(343d) Parameter Estimation and Sensitivity Analysis in Beer Fermentation Modelling and Dynamic Optimisation | AIChE

(343d) Parameter Estimation and Sensitivity Analysis in Beer Fermentation Modelling and Dynamic Optimisation

Authors 

Gerogiorgis, D. - Presenter, University of Edinburgh
Rodman, A. D., University of Edinburgh
Growing economic pressure experienced by the UK alcohol industry as a result of a global surge in beer product supply has created an extremely competitive environment for breweries, many of whom are seeking to reap the benefits of model-based process intensification and optimisation (Rodman and Gerogiorgis, 2016). While beer production is a multistage process, improving fermentation efficiency has the strongest potential for return on both capital and time investment on the entire process, as the batch time often exceeds 120 hours and is the throughput bottleneck. Improvements to beer production have been historically obtained by incrementally altering proven recipes via trial and error, in an effort to achieve a more desirable product, as a result of the limited understanding this complex chemical system. Nowadays it is essential to employ accurate models of the fermentation process in order to achieve reliable dynamic simulations and subsequent process optimisation: trial and error is no longer a competitive strategy, as empirical investigative campaigns would imply a prohibitively high cost, not only in terms of equipment use and personnel time for sampling and analysis, but also due to lost beer production as result of the necessary process downtime and off-spec production of undesirable (hence non-marketable) output.

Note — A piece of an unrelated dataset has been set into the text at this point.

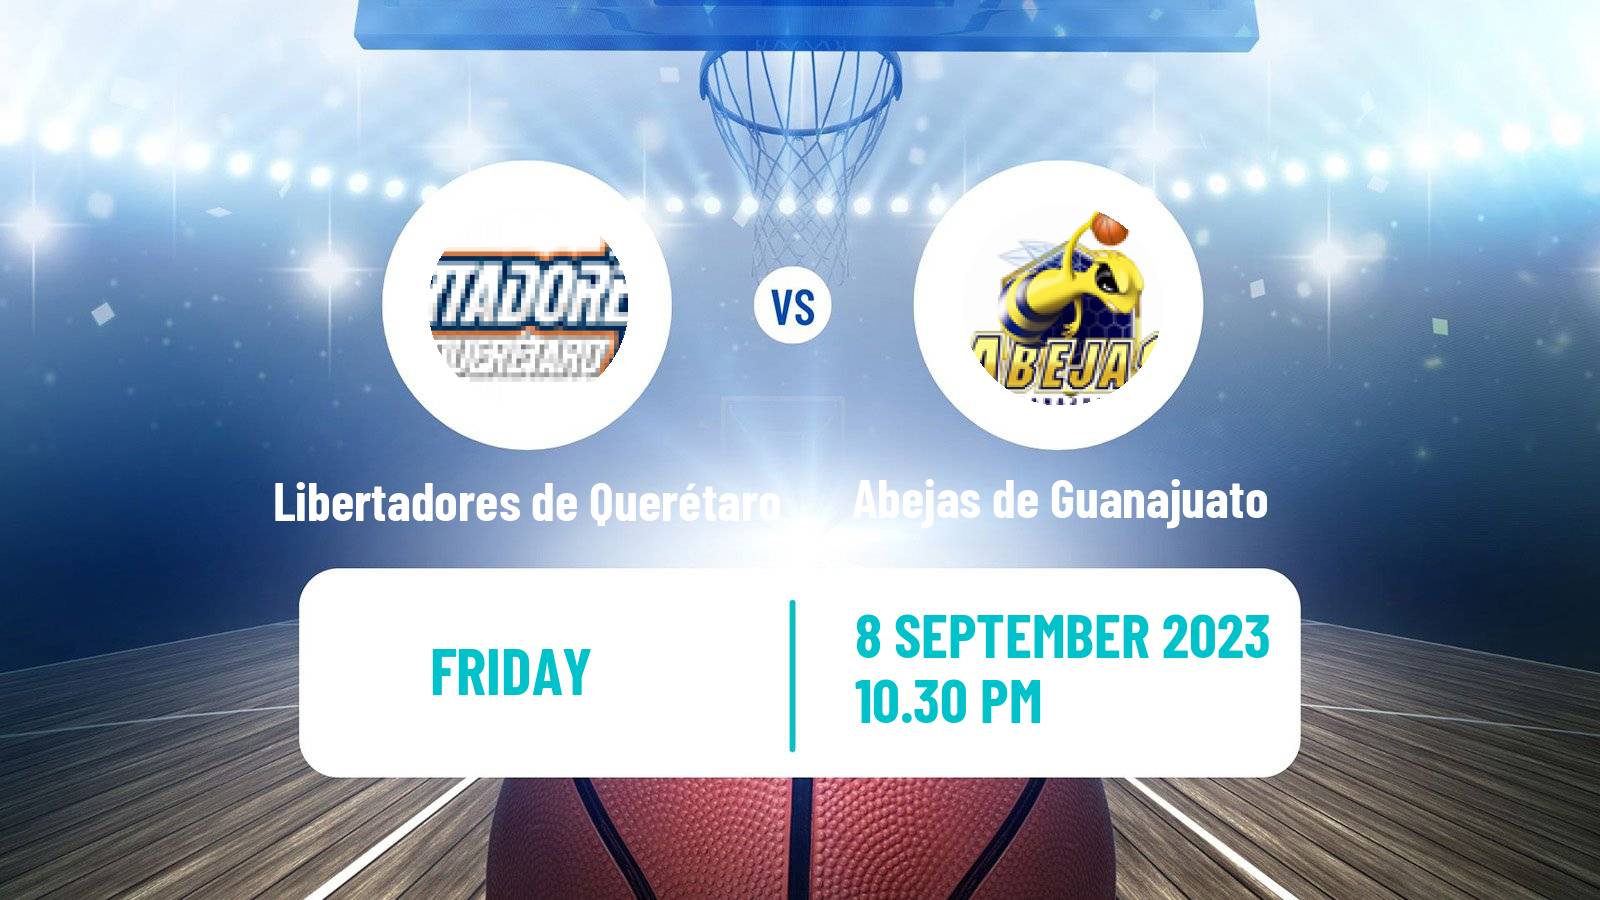 Basketball Mexican LNBP Libertadores de Querétaro - Abejas de Guanajuato

The complexity of the fermentation biochemical system (Vanderhaegen et al., 2006) renders comprehensive dynamic model formulation cumbersome and the required parameter estimation prohibitive. Numerous previous publications (Engasser, 1981; Gee and Ramirez, 1988; de Andrés-Toro 1998; Trelea et al., 2001) have postulated reduced order models, which are concise enough to allow for parameter estimation on the basis of experimental campaign data, but also suitably descriptive by considering the most essential subset of important biochemical reactions via selective aggregation. Subsequent process optimisation studies have been successfully performed on the basis of these foregoing models, primarily addressing batch time minimisation or ethanol yield maximisation (de Andrés-Toro, 1998; Carrillo-Ureta, 2001), or both (Rodman and Gerogiorgis, 2016). A necessary assumption of process optimisation studies is that all parameter datasets published in the original fermentation modelling papers are accurate and consistent.

The present paper has relied on a comprehensive compilation of original time-dependent concentration data for beer fermentation campaigns (Gee, 1990; de Andrés-Toro, 1996) in order to perform an parameter estimation study (Dochain, 2003) for the respective reduced-order dynamic models. The Simulink environment has been used within MATLAB®, enabling the implementation of a nonlinear least squares method on the basis of the trust-region reflective algorithm for systematic parameter vector estimation. Remarkable discrepancies have been identified between the originally published parameter vectors and the corresponding ones determined herein, with the latter (our own results) universally improving dynamic model fidelity - and remarkably so, for certain critical parameters. Furthermore, we have performed systematic sensitivity analyses in order to assess and elucidate the relative significance of parametric discrepancy on the validity of dynamic simulation and optimisation results; the evolution of certain concentration observables is of particular interest, inasmuch as the latter govern process performance (: ethanol) and flavour (: diacetyls, ethyl acetate).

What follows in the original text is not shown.